Gentherapie vor der Zulassung
Es sieht nach Meilenstein aus: Die Europäische Gesundheitsbehörde (EMA) empfiehlt erstmals die Zulassung einer Gentherapie. Für gewöhnlich folgt die Europäische Kommission dem Vorschlag der EMA. Markus Hengstschläger, führender Genetiker Österreichs, verdeutlicht: "Das führt zur ersten Gentherapie-Zulassung für die Routine. Eine echte Sensation mit enormer weltweiter Signalwirkung." Es wäre die erste Zulassung in der westlichen Welt nach 20 Jahren Diskussion über die Gentherapie. Bisher wurde sie nur in Asien erlaubt und gilt unter Experten weltweit als höchst umstritten.
Die Idee dahinter ist, bei Patienten ein defektes Gen durch ein funktionierendes zu ersetzen. So soll der Körper eine Krankheit, die durch eine Genmutation vererbt wurde, selbst heilen können. Neben dieser somatischen Gentherapie (also nur im Körper des Patienten wirkenden) gibt es die Keimbahn-Therapie, die das Erbgut (DNS) dauerhaft verändert, also auch für Nachkommen. Hengstschläger: "Gegen die gibt es aber einen breiten Konsens, weil die Auswirkungen nicht absehbar sind."
Stoffwechsel
Im konkreten Fall empfiehlt die EMA eine Therapie gegen "Lipoproteinlipase Defizienz". Diese Erbkrankheit kommt unter ein bis zwei Millionen Menschen nur einmal vor, in Europa und den USA sind nur ein paar Hundert Menschen betroffen. "Es muss von den 22.500 Genen ein bestimmtes – das Gen LPL auf dem Chromosom 8 – sowohl vom Vater als auch von der Mutter defekt vererbt worden sein." Dadurch kann der Körper ein Enzym nicht bilden, das für den Abbau von Fetten zuständig ist. Die Folgen sind hohe Fettablagerung im Blut und teils lebensbedrohliche Entzündungen der Bauchspeicheldrüse. Einzige Entlastung: eine strenge Low-Fat-Diät.
Laut EMA sollen nur Patienten "with greatest need", bei denen diese Diät nicht anschlägt, die Gentherapie Glybera erhalten. Hengstschläger: "Ein Adenovirus bringt dabei das intakte LPL-Gen mit. Das Virus infiziert Zellen." So kann der Körper das fehlende Enzym selbst produzieren.
Das niederländische Unternehmen UniQure, Hersteller von Glybera, lobt bei der Therapie den "Langzeiteffekt nach einer einzigen Injektion". Die tatsächliche Wirkung ist derzeit nur an 27 Patienten getestet, außerhalb der strengen Standards klinischer Studien.

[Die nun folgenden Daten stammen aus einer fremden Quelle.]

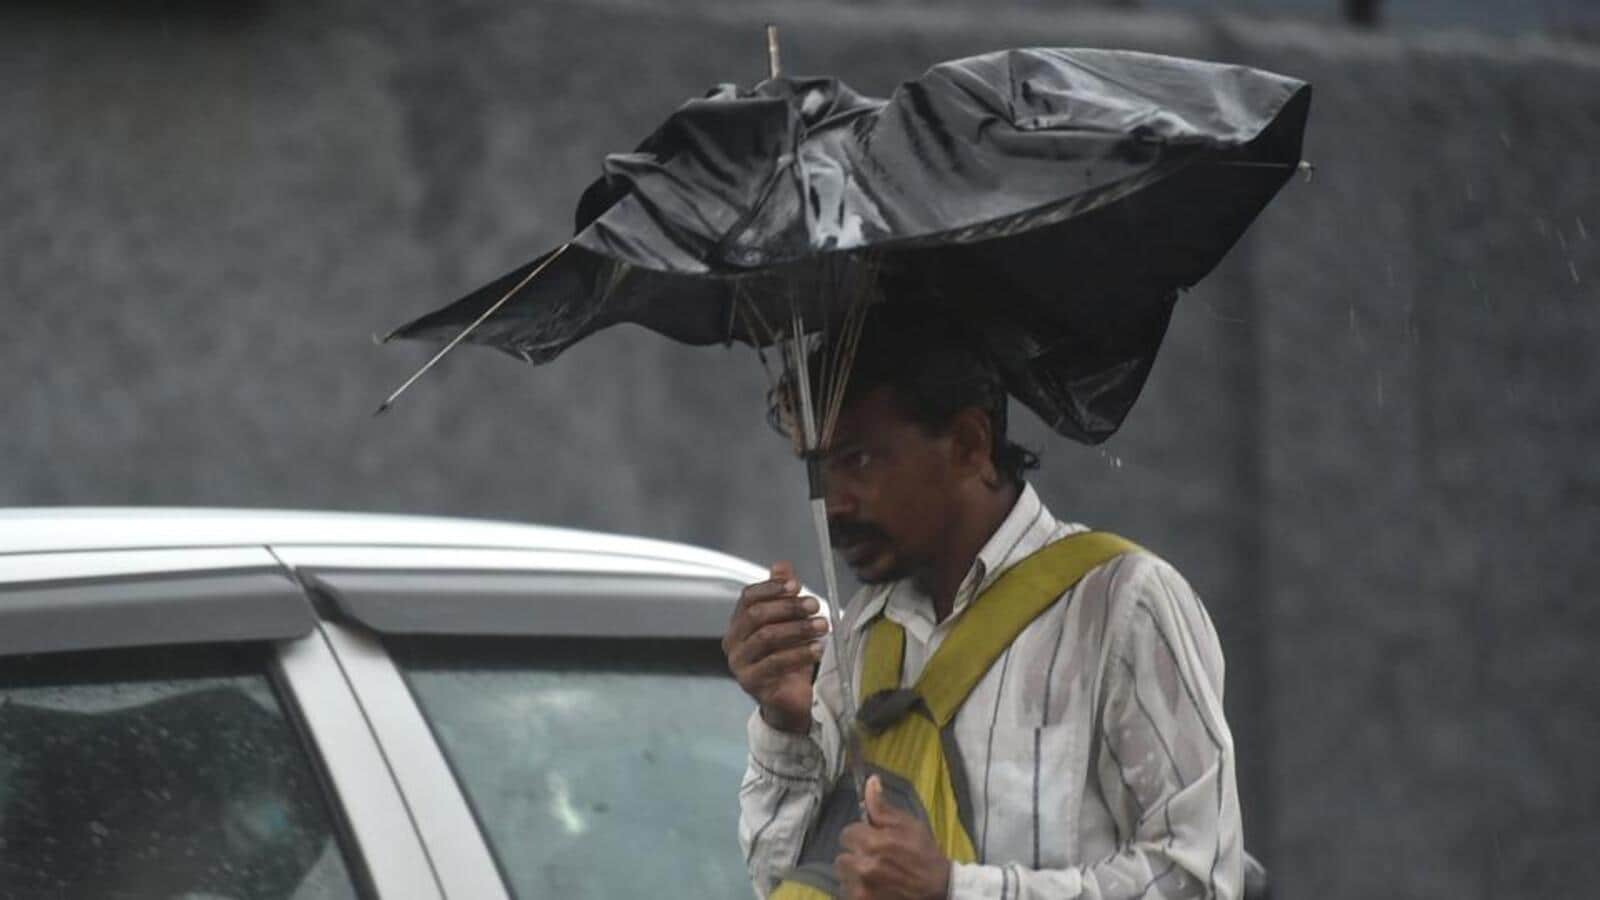 Delhi rains: Wind speeds touching 75 km/hr cause significant drop in temperature | Latest News Delhi

Hengstschläger glaubt an die Wirkung: "Die Daten von Glybera sehen so aus, als ob das einige Jahre hält. Das sind die Kernfragen bei Gentherapie: Wie lange hält das gesunde Gen im Körper, welche Effizienz hat es also. Im konkreten Fall ist das einfach zu prüfen, indem man die Enzymaktivität misst." Für den Genetiker sind solche "monogenen Stoffwechselerkrankungen genau das Gebiet, wo Menschen von uns Genetikern Lösungen erwarten. Hier ist ein genetischer Fehler, also sollen wir ihn reparieren."
Meilenstein
Obwohl die Krankheit selten ist, könnte der Effekt dieser ersten Zulassung massiv sein. Seit 1990 kämpft die Gen-Therapie mit Imageproblemen, dennoch ist viel Geld in die Forschung geflossen. Bisher ohne unmittelbaren Nutzen für einzelne Patienten. Auch Glybera wurde drei Mal die Zulassung verweigert. Nun hat die EMA den Beweis anerkannt, dass es wirksam ist und keine Schäden anrichtet. Hengstschläger: "In der Medizin sucht man immer Wirkung bei geringster Nebenwirkung." Die Zulassung würde die ewige Theorie nun zur Praxis machen. "Damit Geldgeber und Öffentlichkeit sehen, das funktioniert wirklich. Dann existiert das in der Routine." Glybera könne laut Hengstschläger sofort zur Anwendung kommen. "Und auf diesem Gebiet der Stoffwechselerkrankungen haben wir im Labor gute Erfolge. Da gebe es einiges, das wir schon auf den Menschen übersetzt anwenden können. Es werden nun viele einen Blick darauf werfen, wie es Glybera geschafft hat."